Data provided below:
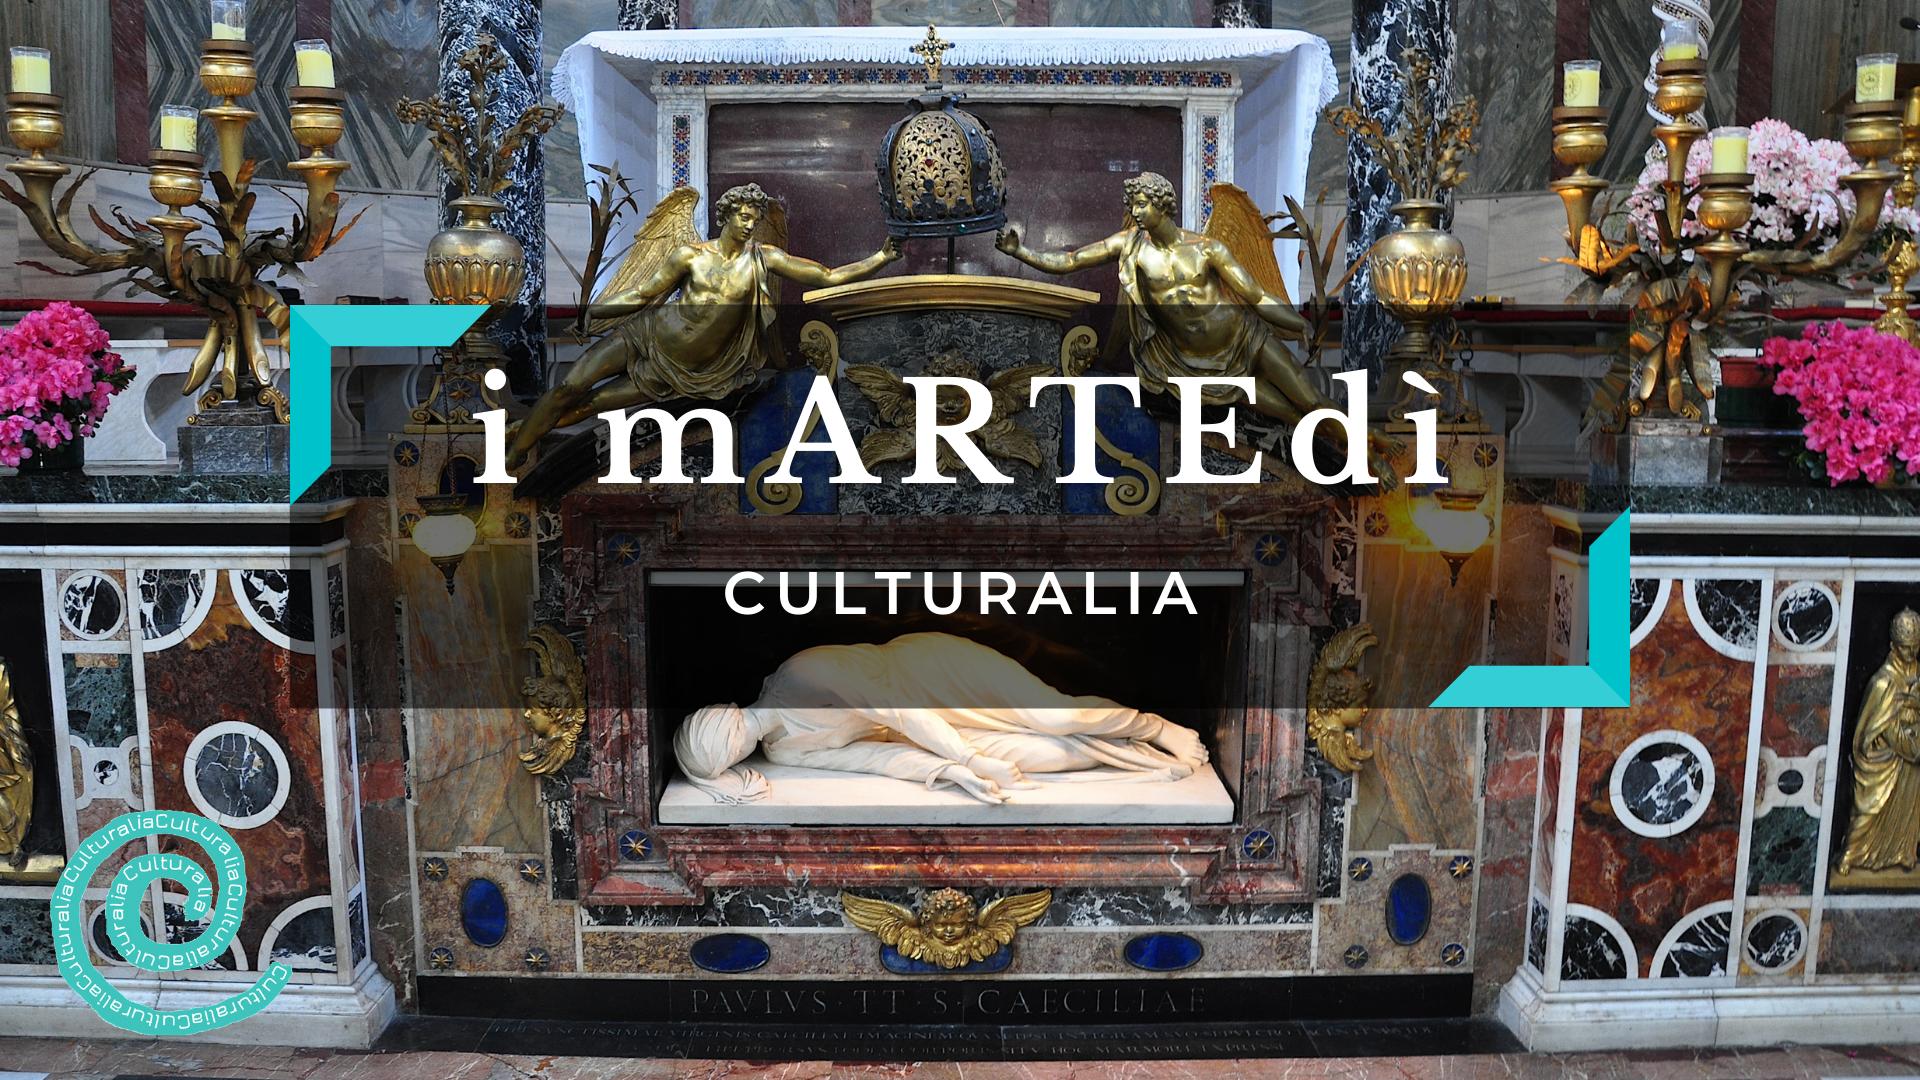 mARTEdì santa cecilia culturalia
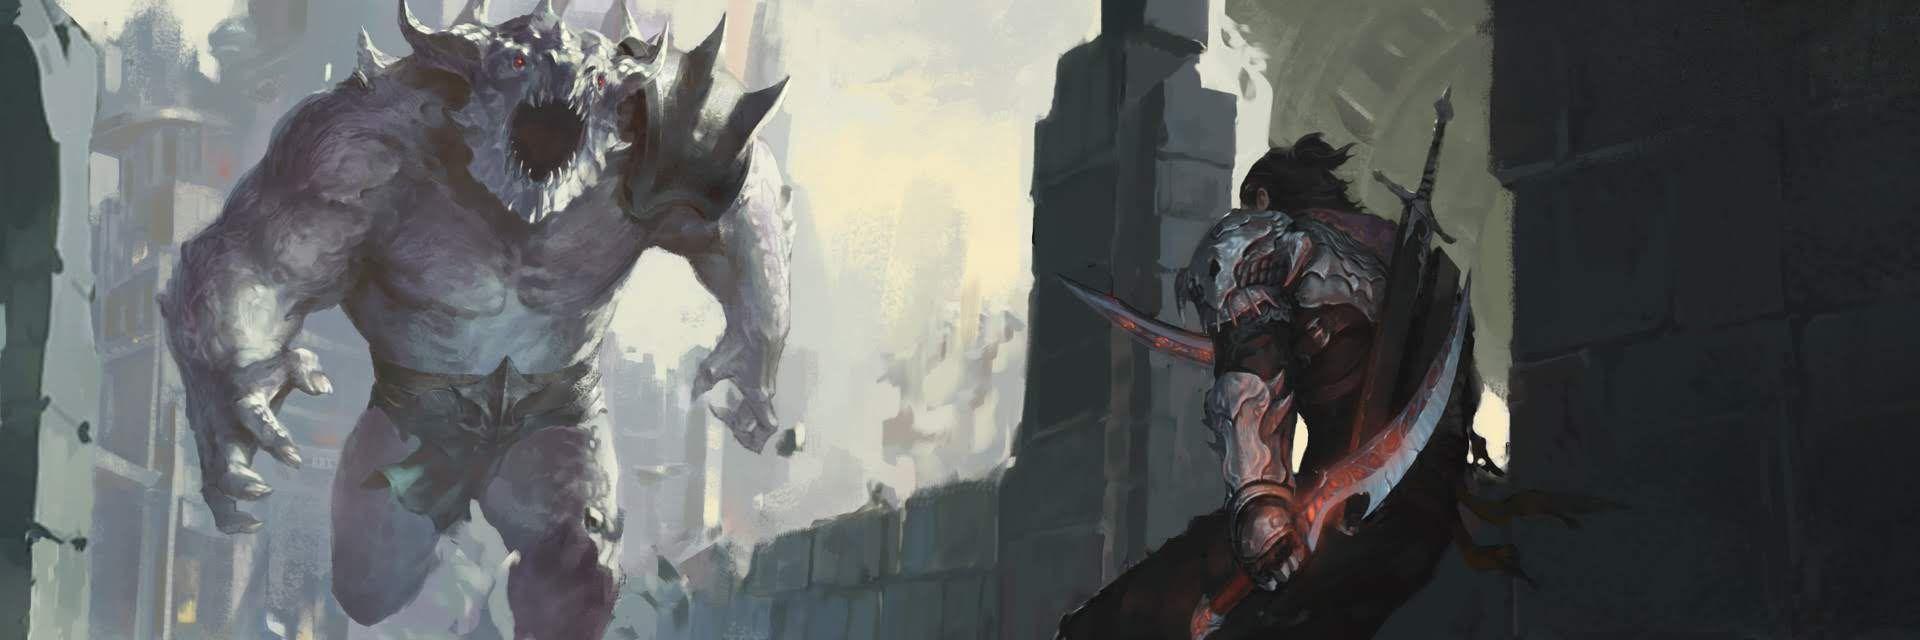 Fantasy Warrior, Artwork, Painting
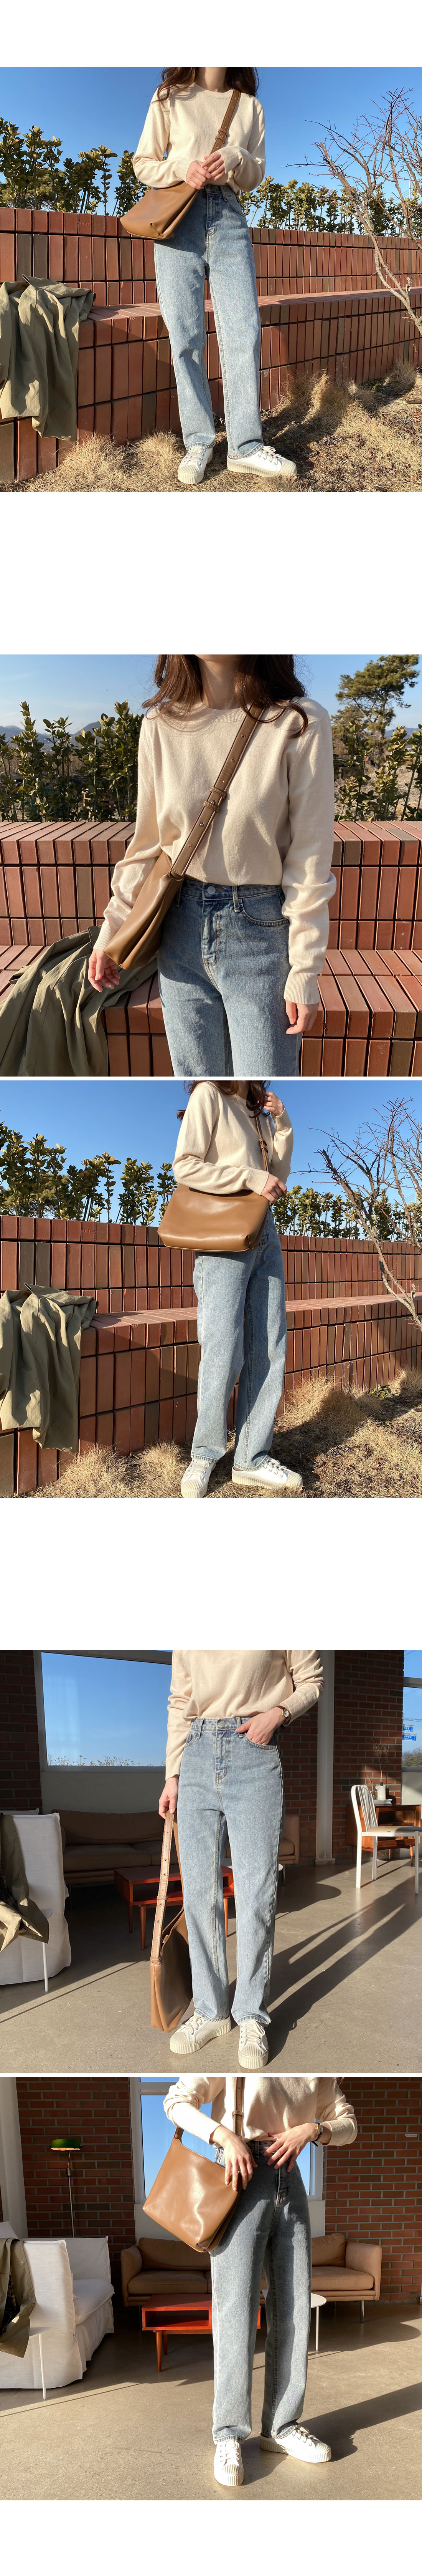 Trip Daily Shoulder Bag
End of Data provided.
Write out the material above exactly, and omit the pictures it holds.

 mARTEdì santa cecilia culturalia
 Fantasy Warrior, Artwork, Painting
 Trip Daily Shoulder Bag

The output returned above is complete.